By Alexandra Halsey-Storch
Impunity Watch Reporter, Europe

BRUSSELS, The Netherlands — On Wednesday, Human Rights Watch issued a twelve-page report, entitled The EU’s Dirty Hands, which provides extensive evidence demonstrating a European agency’s role in exposing migrants to severe human rights violations.

Immigrant Detainees in Lesvros, Greece. (Photo Curtesy of Freepressers.com)
Immigrant Detainees in Lesvros, Greece. (Photo Curtesy of Freepressers.com)

Frontex was established on October 26, 2004 as an executive agency of the European Union (“EU”).  Its purpose has been to generate “cooperation between EU member states on issues of border enforcement.”  Since its establishment, Frontex has played “a key role in enforcing EU immigration policy.” While participating states, like Greece, provide the “manpower and material support,” Frontex employees help to “manage the influx of migrants [including those seeking asylum] into the north-eastern region of Greece along the Evros River bordering Turkey, among other places.”

Commencing in July 2007, Frontex operations were supplemented with the Rapid Border Intervention Team (“RABIT”), designed “as an emergency measure in response to the arrival of a large number of migrants to Greece.” As part of the RABIT mission, Frontex personnel were “authorized to apprehend migrants and then transfer them to Greek counterparts who ran detention centers in Greece.”

The European Court for Human Rights noted in M.S.S. v. Belgium and Greece that Greek detention practices violate Article 3 of the European Convention on Human Rights which strictly prohibits torture and inhuman and degrading treatment, and called the current asylum system “dysfunctional.” The Court went on to hold that Belgium violated the human rights of an Afghan asylum seeker when the State transported him back to Greece. Arguably, Frontex could be liable for such participation under this decision.
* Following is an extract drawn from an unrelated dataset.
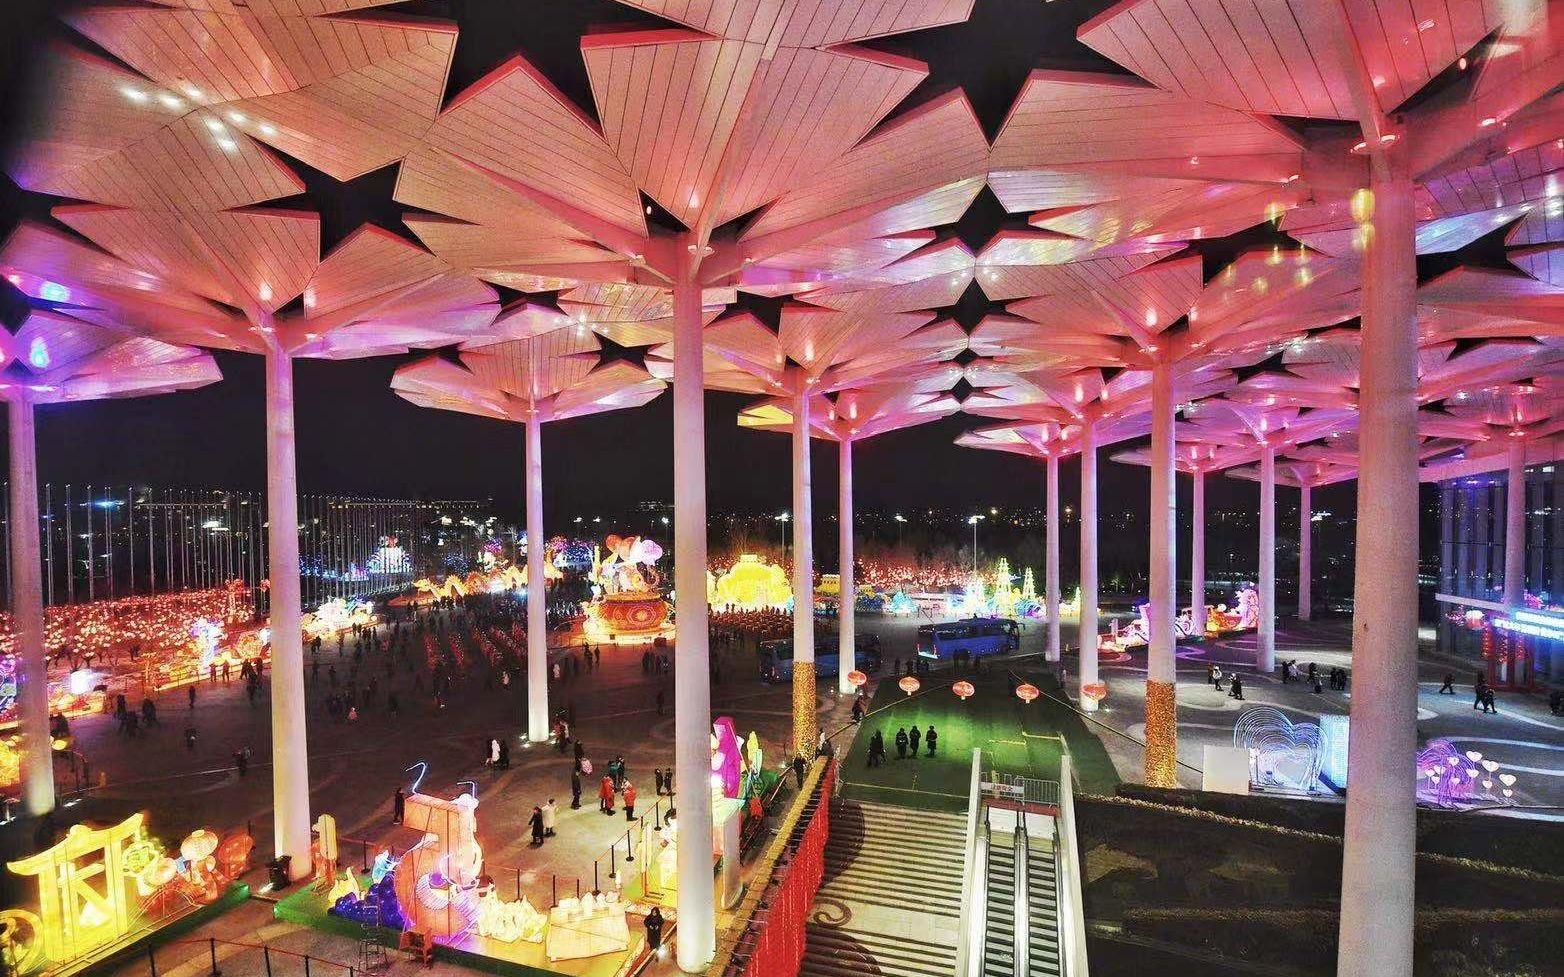 跨年之夜上演大型灯会 首届世园文化庙会启幕

Human Rights Watch seeks to extend this holding to Frontex, which is bound by the European Convention, by arguing that the Agency is “also responsible for having knowingly exposed migrants to treatment which is absolutely prohibited under human rights law.”

During Frontex’s RABIT mission, Human Rights Watch conducted an investigation of various detention centers in the Evros region of Greece in December 2010.  While there, they found that Greek authorities held “migrants, including members of vulnerable groups, such as unaccompanied children, for weeks or months in conditions that amounted to inhuman and degrading treatment.”
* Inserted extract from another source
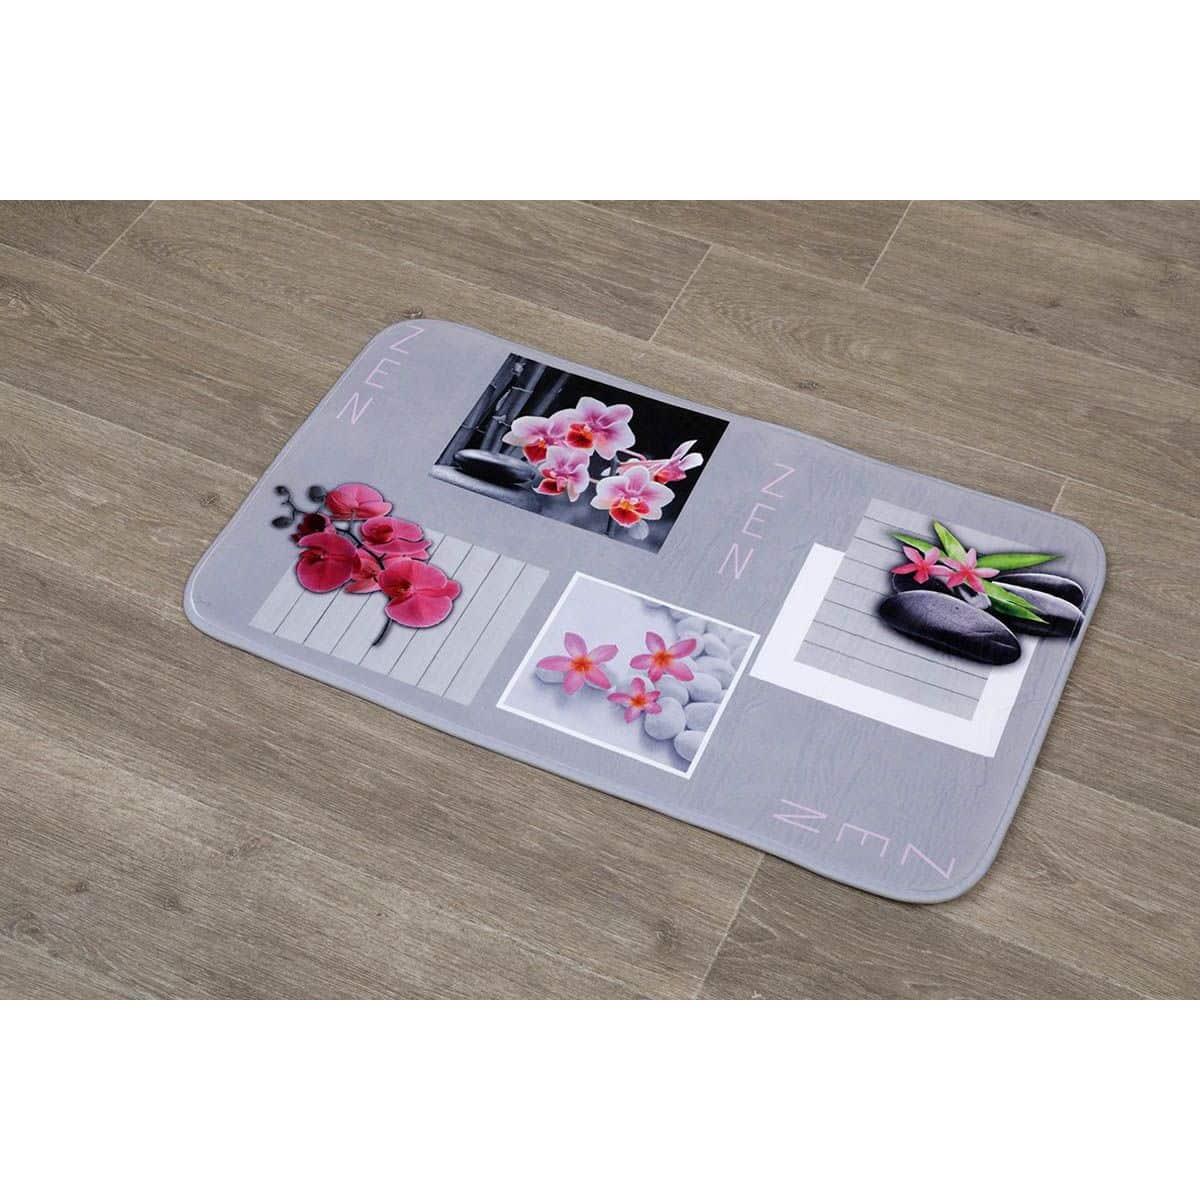 4goodz Zen Microvezel Badmat met orchidee print 45x75 cm roze

At one detention center, men, women and children are all herded together in a cell where “sewage was running on the floors. According to the Greek guards, this was because the prisoners broke the toilets, while protesting their conditions. The smell was hard to bear, and Greek guards wore surgical masks when they entered the passageway between the large barred cells,” reported Human Rights Watch.

Another detention center held 130 detainees while police authorities reported that the space was meant to hold 48. Furthermore, migrants were forced to “sleep on pieces of cardboard or directly on the concrete floors.” The detainees were given bottles in which to urinate because they did not have access to toilets. They were escorted by prison guards to a field to defecate.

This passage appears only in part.